6.5 Case Study III: MIMIC III & Acute HF

6.5.1 Introduction

The following section of R-codes are developed by the University of Michigan SOCR Data Analytics - MIMICIII team and posted on GitHub. The following are excerpts from the project:

Heart failure (HF) is a “multifactorial, systemic disease” in which a network of autoprotective mechanisms activated after cardiac injury cause significant problems with heart function (Tanai & Frantz, 2015). HF is one of the largest contributing factors to mortality in the United States, playing a role in 1 in 9 deaths and accounting for more than $30 billion in annual healthcare expenditures (CDC.gov, Mozaffarian et. al). In addition to the estimated 5.7 million Americans living with HF, an additional 915,000 are newly diagnosed each year (Mozaffarian et. al).
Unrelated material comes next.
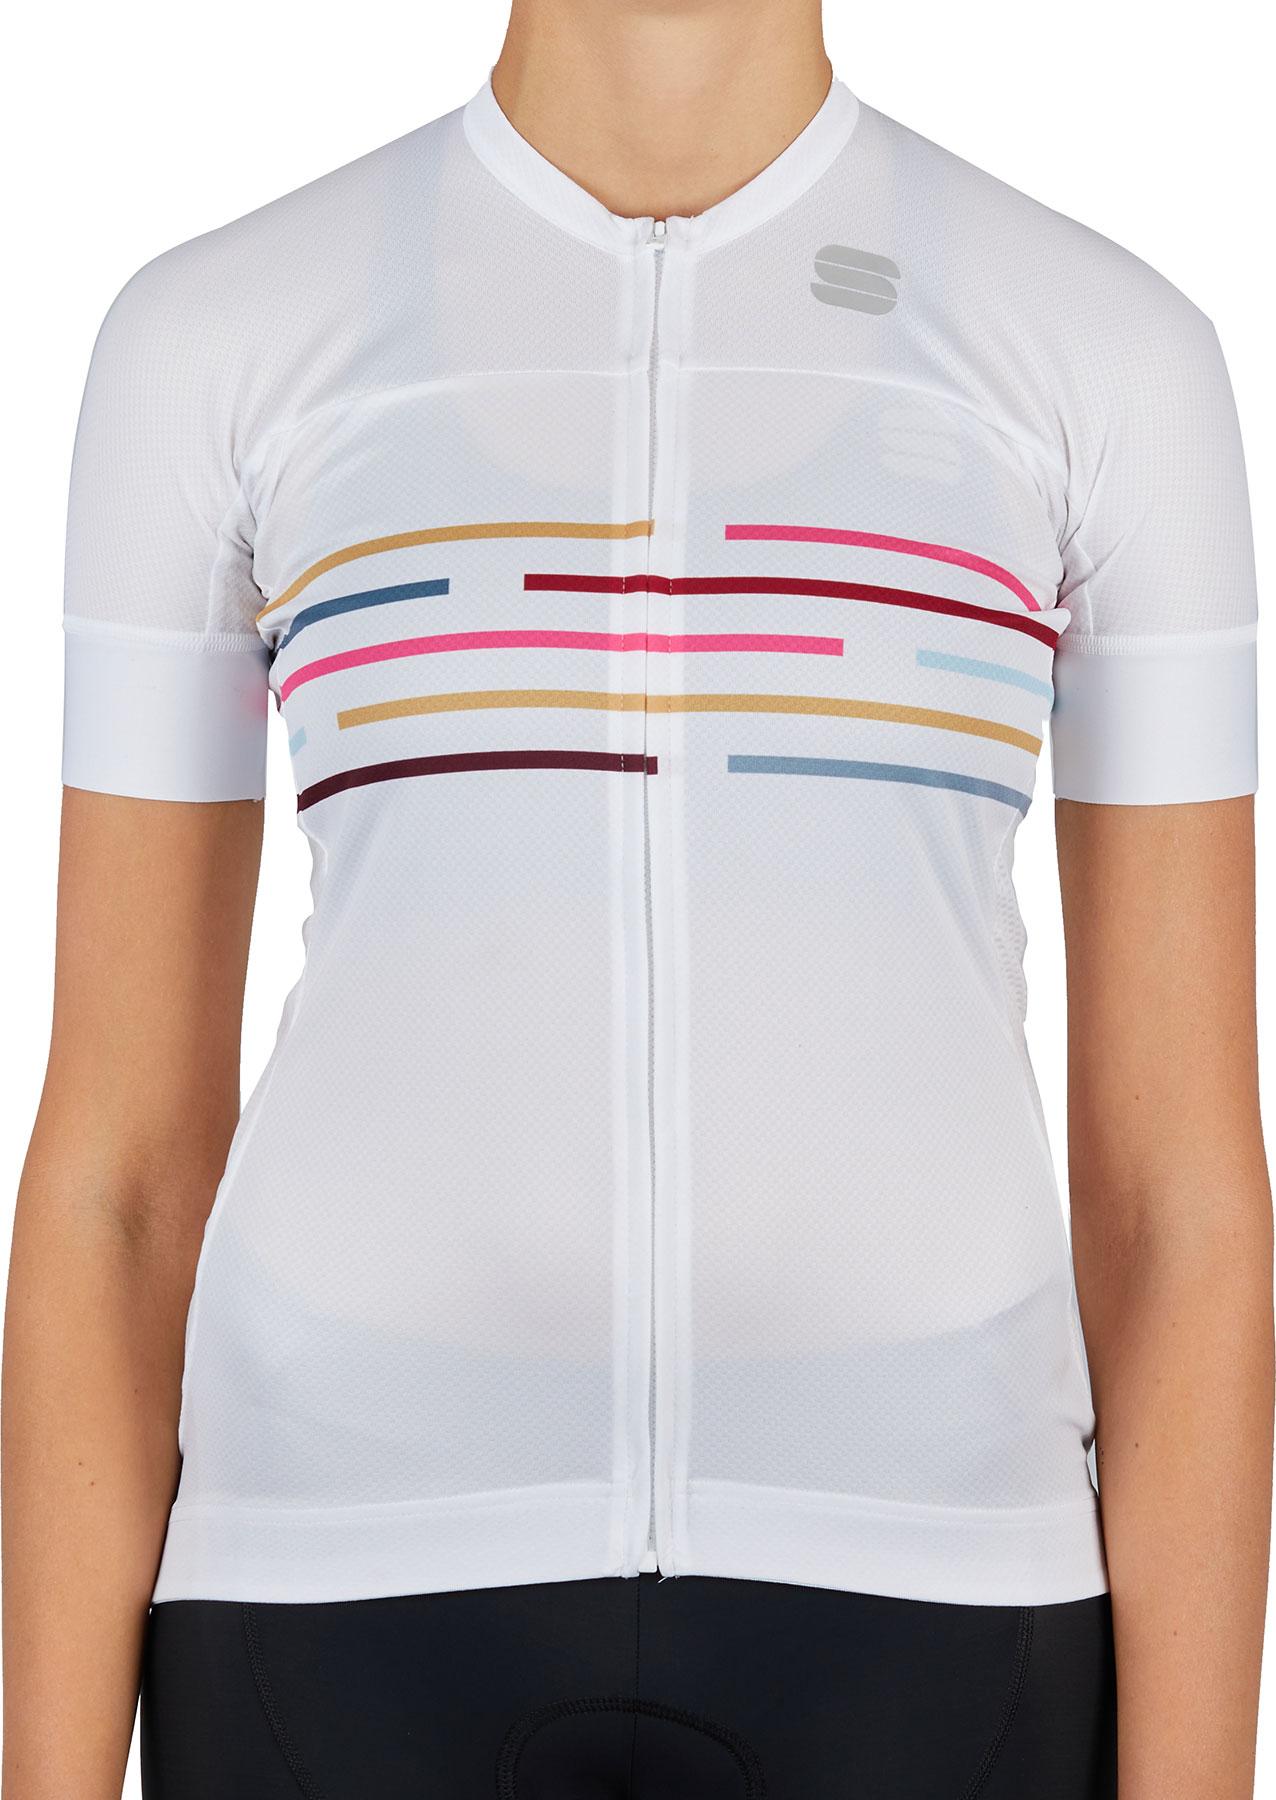 Sportful Womens Velodrome Cycling Jersey  White

Despite recent advancements in the treatment of underlying risk factors, long-term mortality remains high with less than half of those newly diagnosed patients surviving for five years (Mozaffarian et. al).

Risk stratification systems have become an important part of patient management, and have the potential to “improve clinical outcome and resource allocation” by “avoiding the overtreatment of low-risk subjects or the early, inappropriate discharge of high-risk patients” (Passantino et. al, 2015). In their comprehensive 2015 publication, Andrea Passantino and colleagues review a collection of the “most relevant” risk stratification systems targeted at acute heart failure (AHF) including EFFECT, OPTIMIZE-HF, APACHE-HF, and ESCAPE, among others. Passantino and her team describe the wide array of data sources and techniques used by the original authors to validate these scoring systems, including “public registries, clinical trials, and retrospective data” (Passantino et. al, 2015). The heterogeneity of these data sources makes direct performance comparisons difficult.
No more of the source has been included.